One of the simple user errors that keeps on cropping up is accidentally having multiple greenthreads reading from the same socket at the same time. It’s a simple thing to accidentally do; just create a shared resource that contains a socket and spawn at least two greenthreads to use it:
import eventlet
httplib2 = eventlet.import_patched('httplib2')
shared_resource = httplib2.Http()
def get_url():
resp, content = shared_resource.request("http://eventlet.net")
return content
p = eventlet.GreenPile()
p.spawn(get_url)
p.spawn(get_url)
results = list(p)
assert results[0] == results[1]
Running this with Eventlet 0.9.7 results in an httplib.IncompleteRead exception being raised.
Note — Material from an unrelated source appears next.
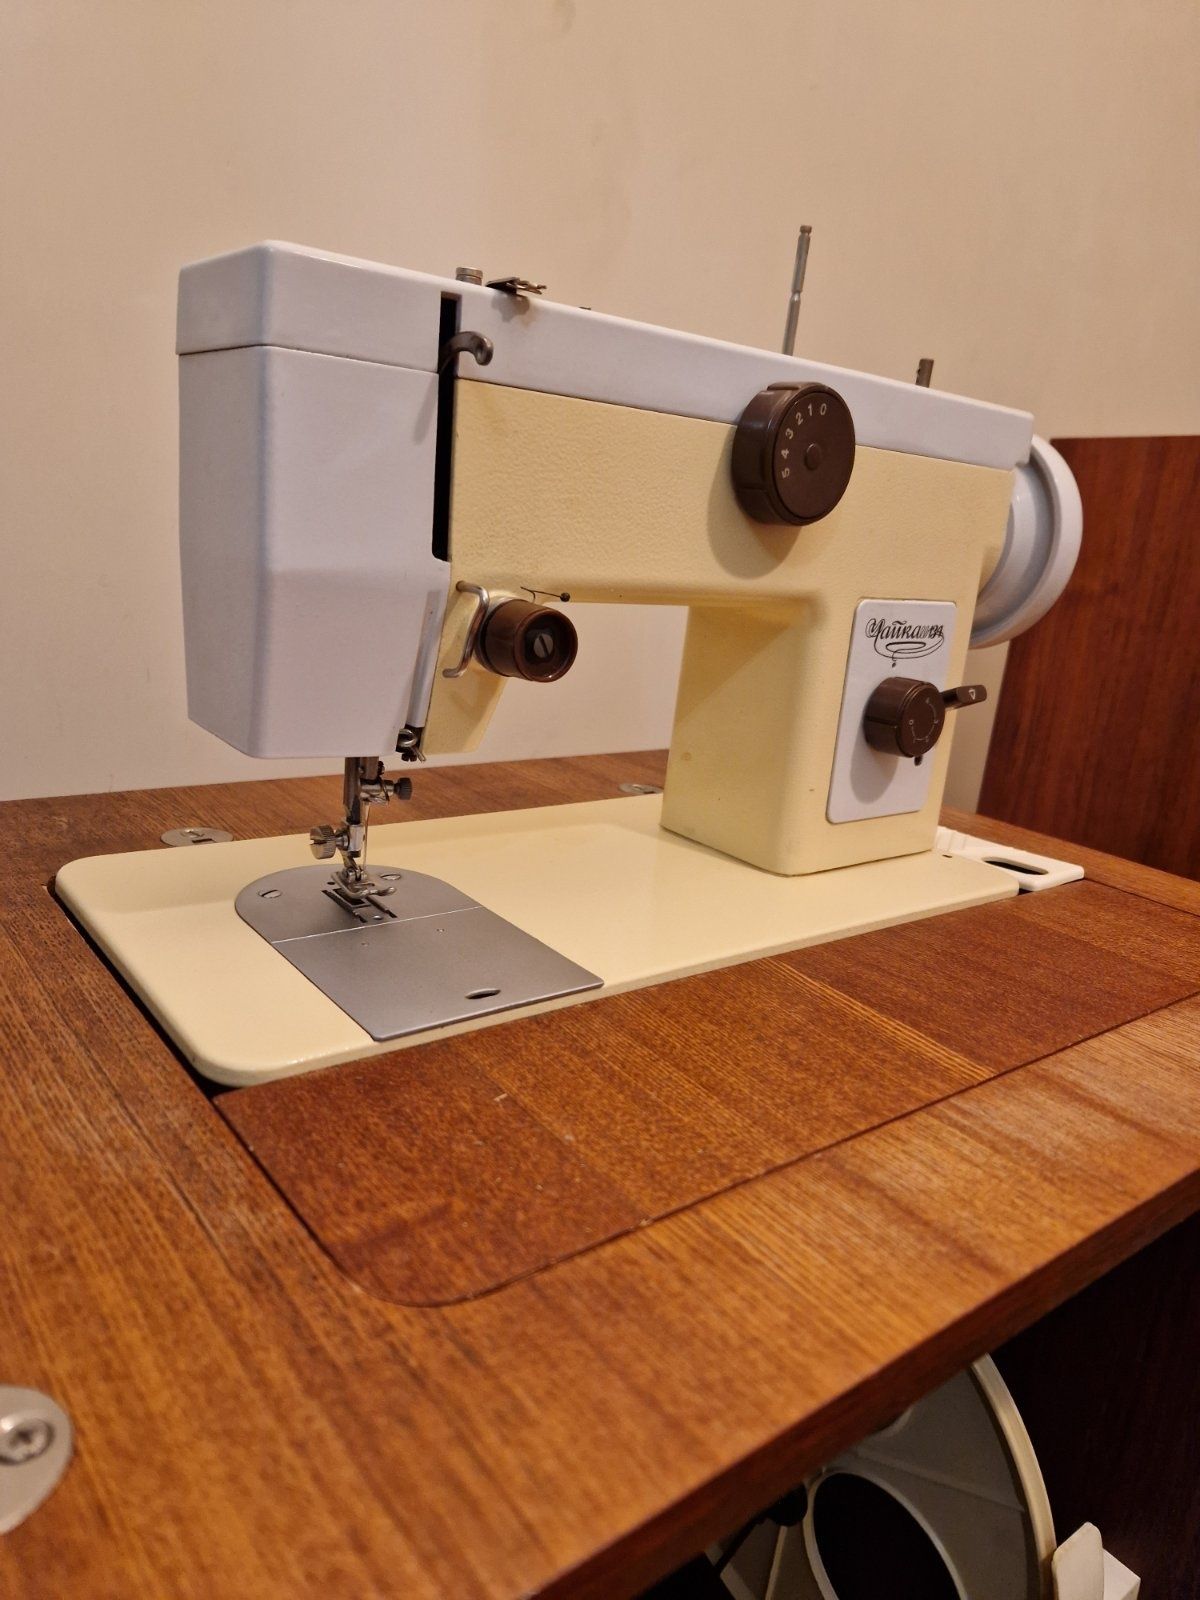 Швейная машинка Чайка 134

It’s because both calls to get_url are divvying up the data from the socket between them, and neither is getting the full picture. The IncompleteRead error is pretty hard to debug — you’ll have no idea why it’s doing that, and you’ll be frustrated.
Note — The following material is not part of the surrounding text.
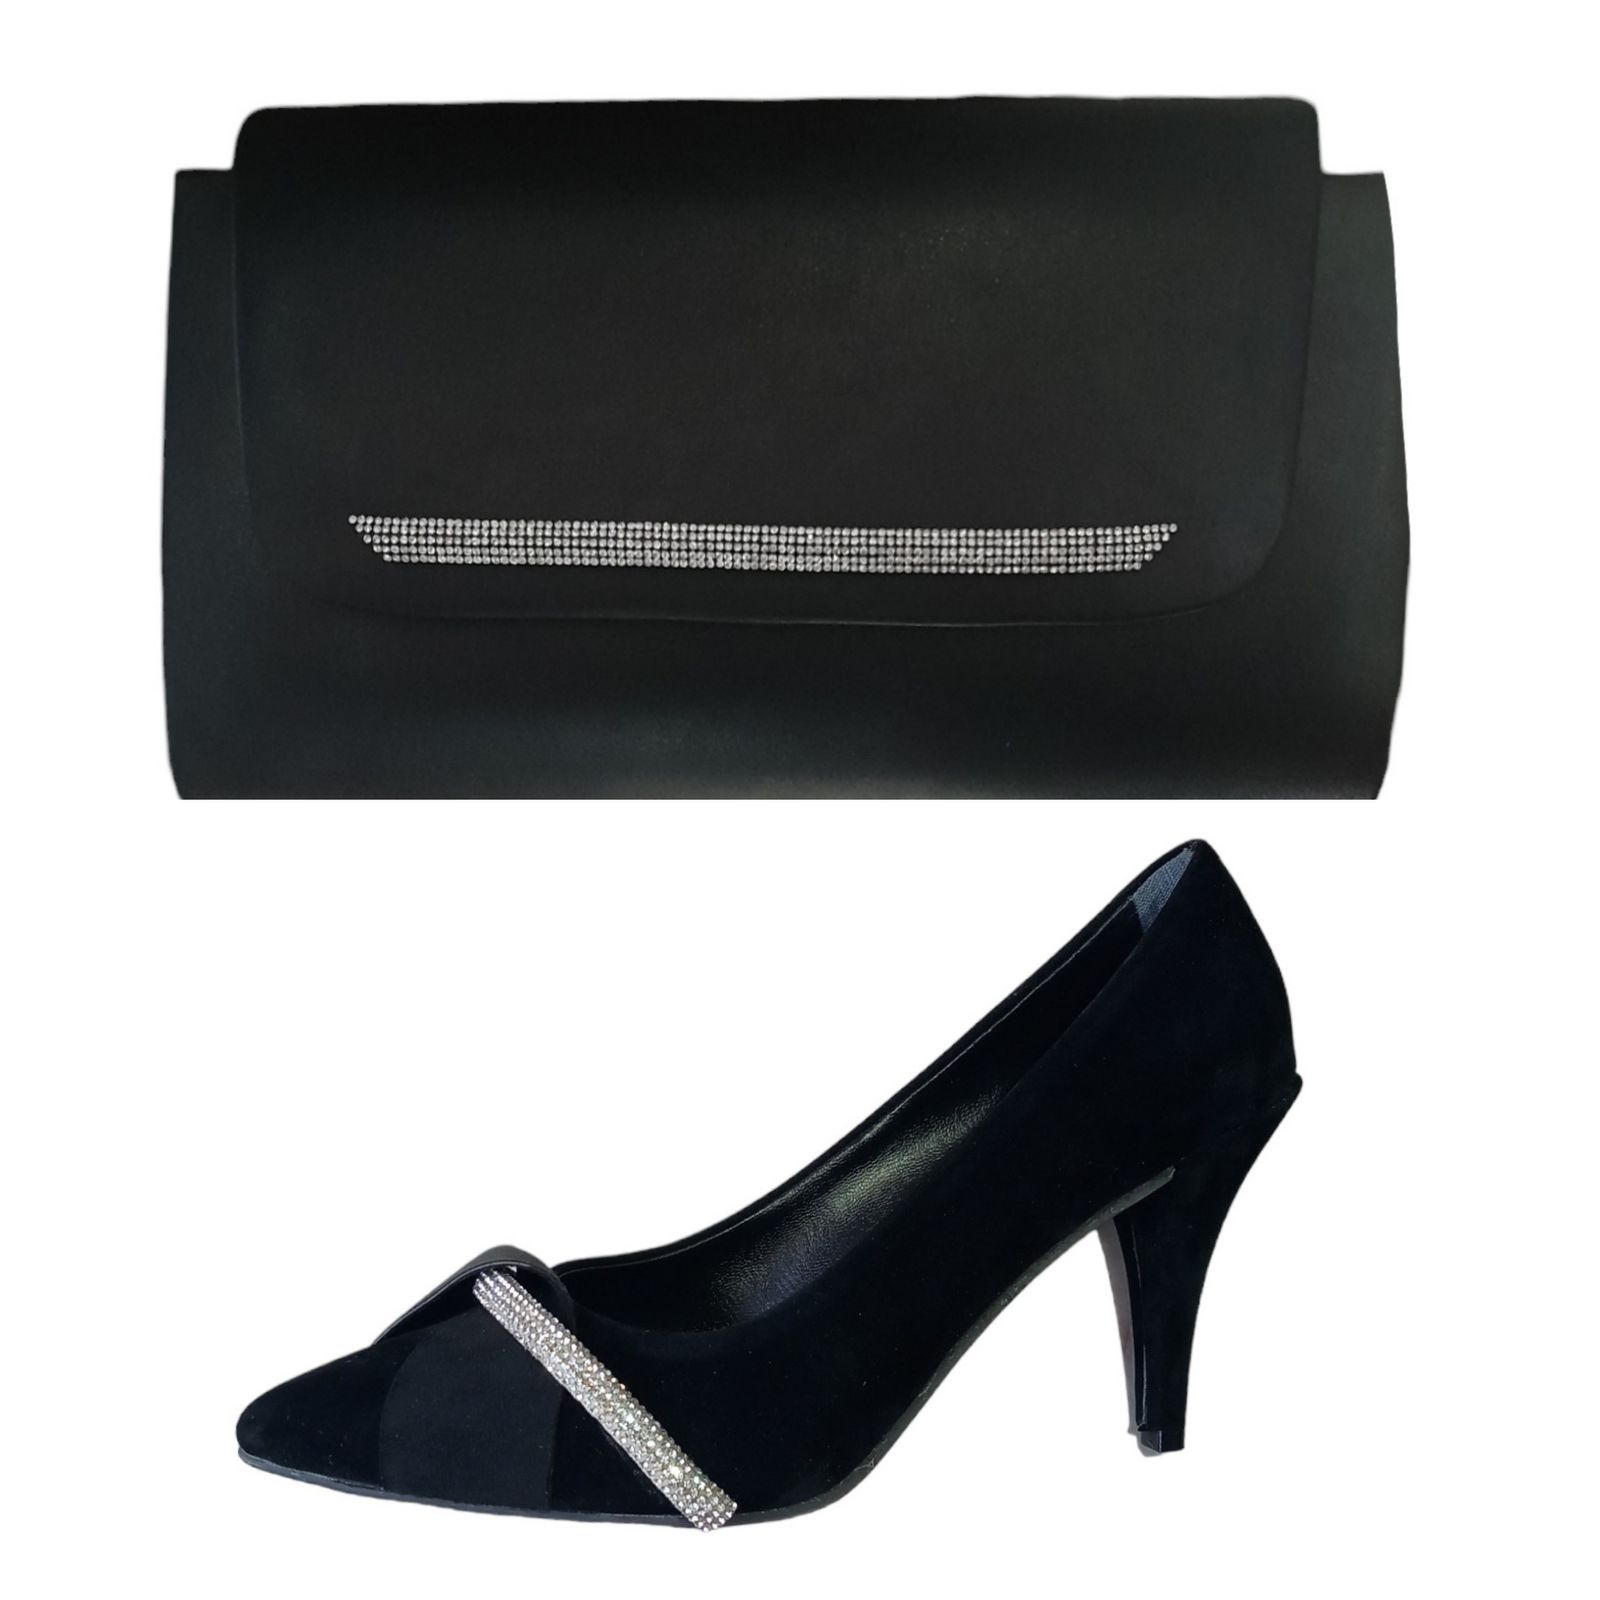 ست کیف و کفش زنانه مدل رورنی لیدی -  - 1

What’s new in the tip of Eventlet’s trunk is that Eventlet itself will warn you with a clear error message when you try to do this. If you run the above code with development Eventlet (see sidebar for instructions on how to get it) you now get this error instead:
RuntimeError: Second simultaneous read on fileno 3 detected. Unless you really know what you're doing, make sure that only one greenthread can read any particular socket. Consider using a pools.Pool. If you do know what you're doing and want to disable this error, call eventlet.debug.hub_multiple_reader_prevention(False)
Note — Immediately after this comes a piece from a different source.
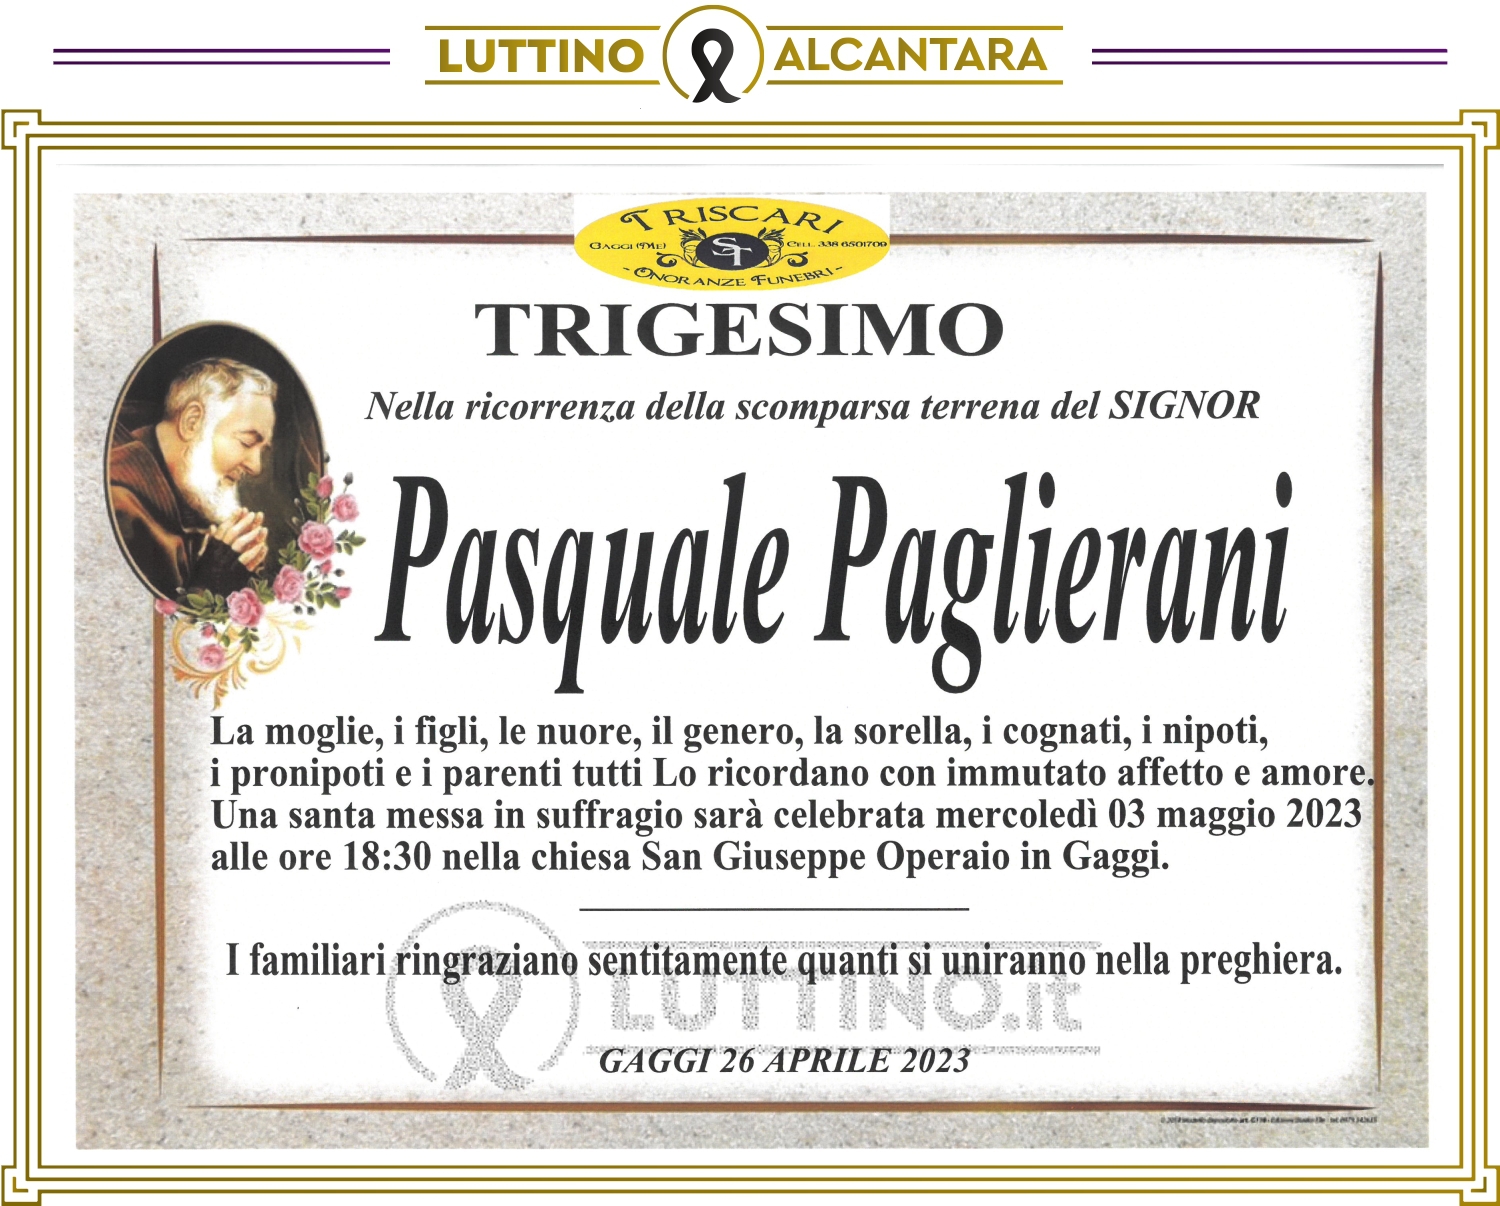 Pasquale Paglierani

Cool, huh? A little clearer about what exactly is going wrong here. And if you really want to do multiple readers or multiple writers on the same socket simultaneously, there’s a way to disable the protection.
Of course, the fix for this particular toy example is to have a single instance of Http() for every greenthread:
import eventlet
httplib2 = eventlet.import_patched('httplib2')
def get_url():
resp, content = httplib2.Http().request("http://eventlet.net")
return content
p = eventlet.GreenPile()
p.spawn(get_url)
p.spawn(get_url)
results = list(p)
assert results[0] == results[1]
But you probably created that shared_resource because you wanted to reuse Http() instances between requests. So you need some other way to sharing connections. This is what pools.Pool objects are for! Use them like this:
from __future__ import with_statement
import eventlet
from eventlet import pools
httplib2 = eventlet.import_patched('httplib2')
httppool = pools.Pool()
httppool.create = httplib2.Http
def get_url():
with httppool.item() as http:
resp, content = http.request("http://eventlet.net")
return content
p = eventlet.GreenPile()
p.spawn(get_url)
p.spawn(get_url)
results = list(p)
assert results[0] == results[1]
The Pool class will guarantee that the Http instances are reused if possible, and that only one greenthread can access each at a time. If you’re looking for somewhat more advanced usage of this design pattern, take a look at the source code to Heroshi, a concurrent web crawler written on top of Eventlet.